In Yallop's book he writes that Cardinal Villot confirmed the Holy Father's death at 5:00 A.M. The Pope's slippers, glasses, and will disappeared, and "none of these items has ever been seen again," Yallop writes. There was speculation that if there had been vomit on the slippers - which there might have been, if indeed the Pope had been poisoned - it would give a conspirator a reason to remove the slippers permanently.
Cardinal Villot apparently phoned the embalmers around the time of death, and sent a Vatican car to fetch the embalmers. The car was also reported to have arrived at about 5:00 A.M., which would have been rather remarkable since the Pope's death was announced at that time. The reviewer of Yallop's book - a book which sold 5 million copies - writes that "It was not until 6:00 A.M. that Dr. Buzzonati (not Professor Fontana, the head of Vatican medical service) arrived and confirmed the death, without drawing up a death certificate. Dr. Buzzonati attributed the death to acute myocardial infarction (heart attack)."
And so, the time line continues to be suspicious, as Yallop has put together a scenario that by 6:30 A.M., Cardinal Villot "began to inform the cardinals, an hour and a half after the embalmers had arrived!" So it appears the bringing in the embalmers was a higher priority for Cardinal Villot than informing the other cardinals, and oddly, it was reported that "during the embalming it was insisted that no blood was to be drained from the body, and neither were any of the organs to be removed." very tiny amount of blood would of course "have been more than sufficient for a forensic scientist to establish the presence of any poisonous substances."

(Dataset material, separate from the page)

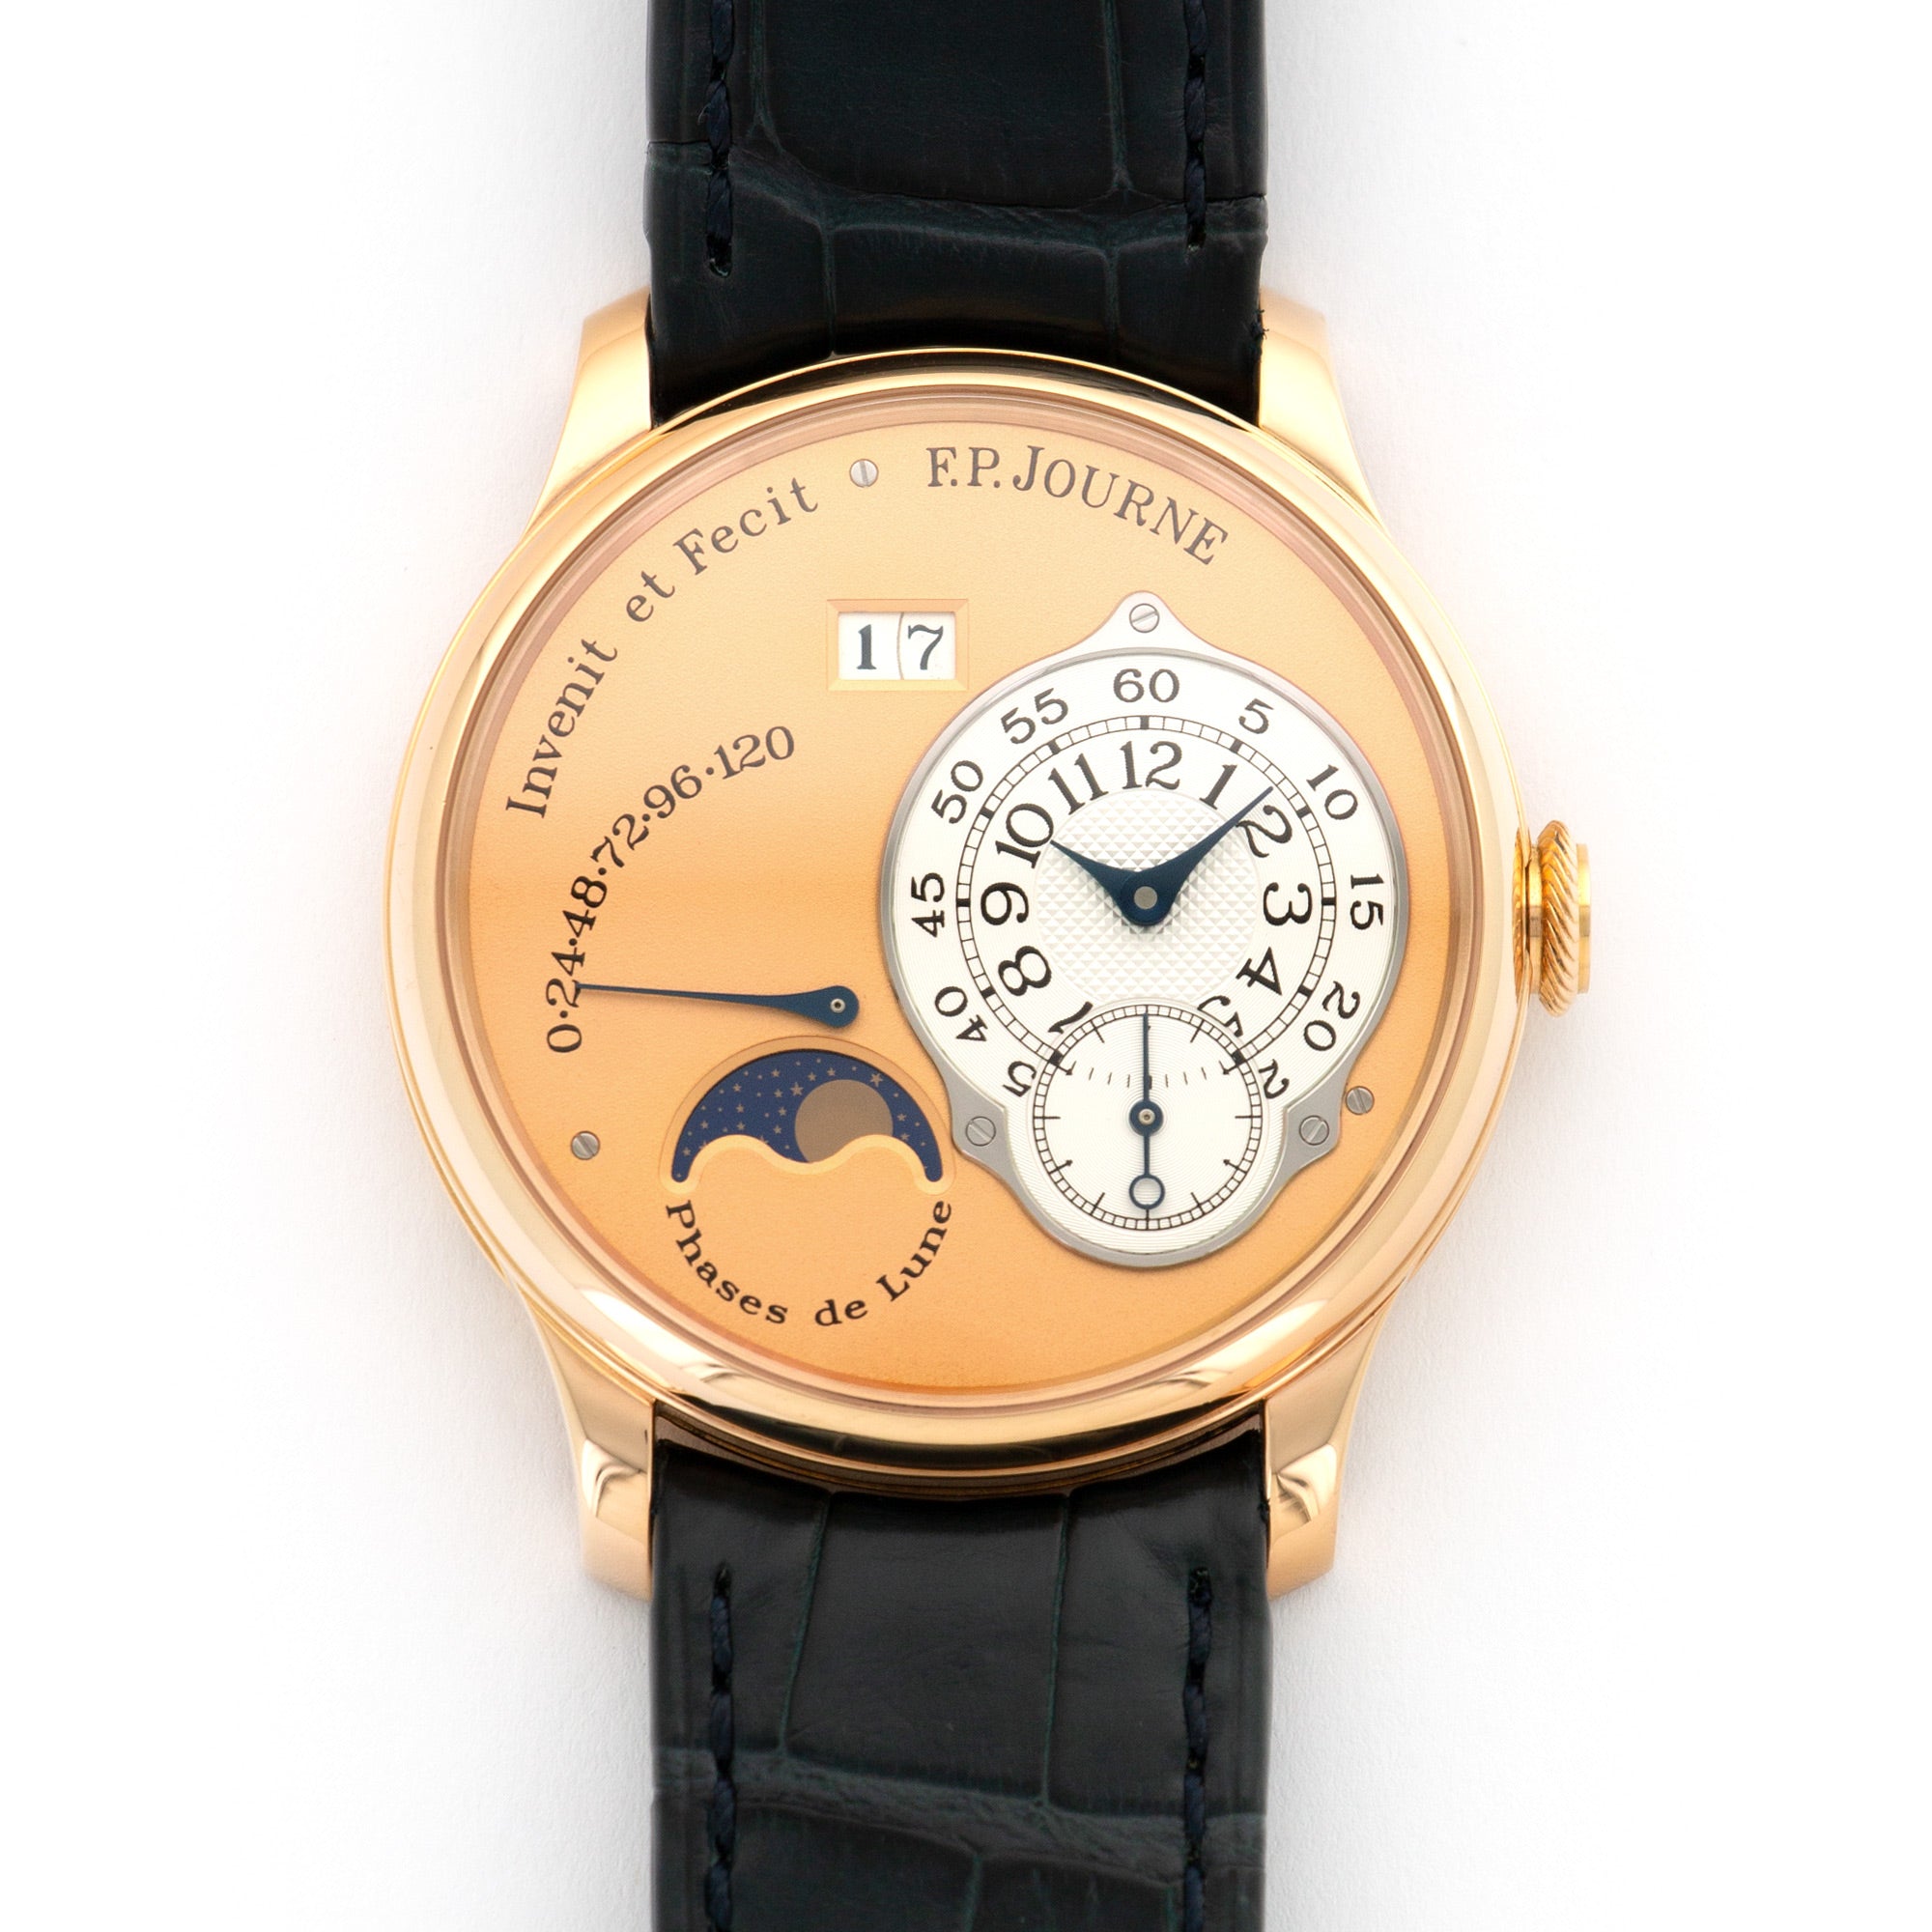 FP Journe - F.P. Journe Rose Gold Octa Lune Watch, with Original Box and Certificate - The Keystone Watches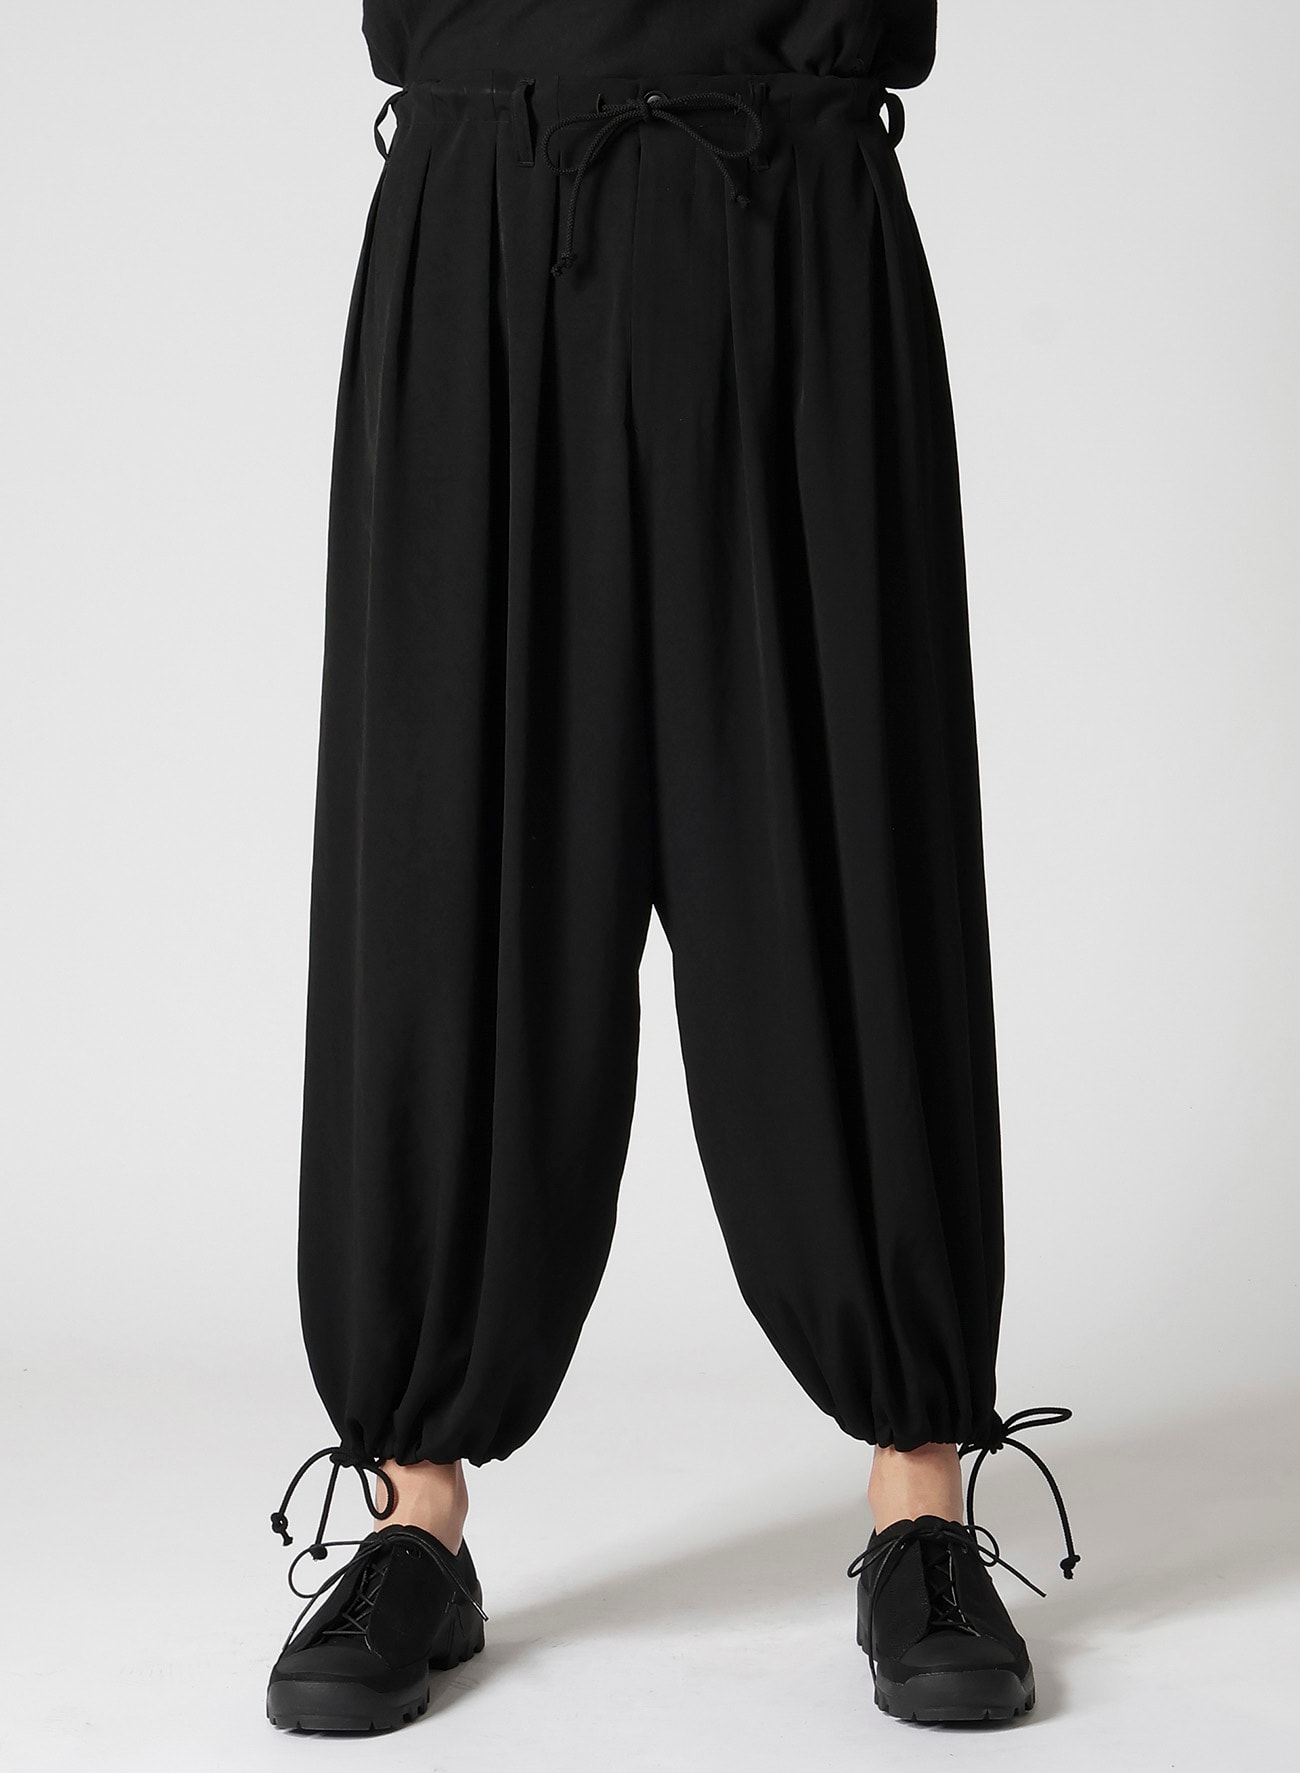 Co. High-rise Wide-leg Leather Balloon Pants in Black | Lyst

What was the Vatican's reason for the Pope's death? Cardinal Villot was quoted by the French magazine, Ouest-France, as saying, "What occurred was a tragic accident. The Pope had unwittingly taken an overdose of his medicine. If an autopsy was performed it would obviously show this fatal overdose," Villot explained. And since no one "would believe that his Holiness had taken it accidentally," it was agreed "there would be no autopsy." Some would argue that it was suicide, and others would say it was murder, Villot asserted.
The Pope's medicine was for low blood pressure (Effortil); the alibi by Villot "intentionally left room for speculation of suicide," to take attention away from the real cause of the Pope's death, "poisoning by Cardinal Villot himself," the article reviewing Yallop's book states. The Pope's niece, quoted in the San Juan Star on October 3, 1978, said: "In my family almost no one believes it was a heart attack that killed my uncle. He never had heart trouble or any illness of that kind."
And so, what did Coppola and Puzo think of the suggestions that the Pope was murdered, rather than died of a heart attack? The Godfather III depicts the Church as such a corrupt institution, and so willing to give in to Corleone's power and money, that it certainly came as no surprise that the Pope so suddenly died in the storyline.
With the background of all these questions flying around the death of the Pope, in the real world, and the bank scandal involving the Vatican bank and Vatican money very real and very much in the headlines of newspapers, it gave Coppola license to fictionalize a terrific series of conspiracy theories involving the Mafia and the Church, both very hot-button institutions that as a combo, was sure to draw people to the film all those years after Godfather II had come and gone.
Viewers know that Corleone himself didn't fully trust the Church to distribute the first hundred million dollars to the poor and needy in Sicily. After the archbishop thanked Corleone for the hundred million ("Michael, you're done a wonderful think for the people of Sicily"), Corleone said, "Let's just hope the money gets to the people who need it."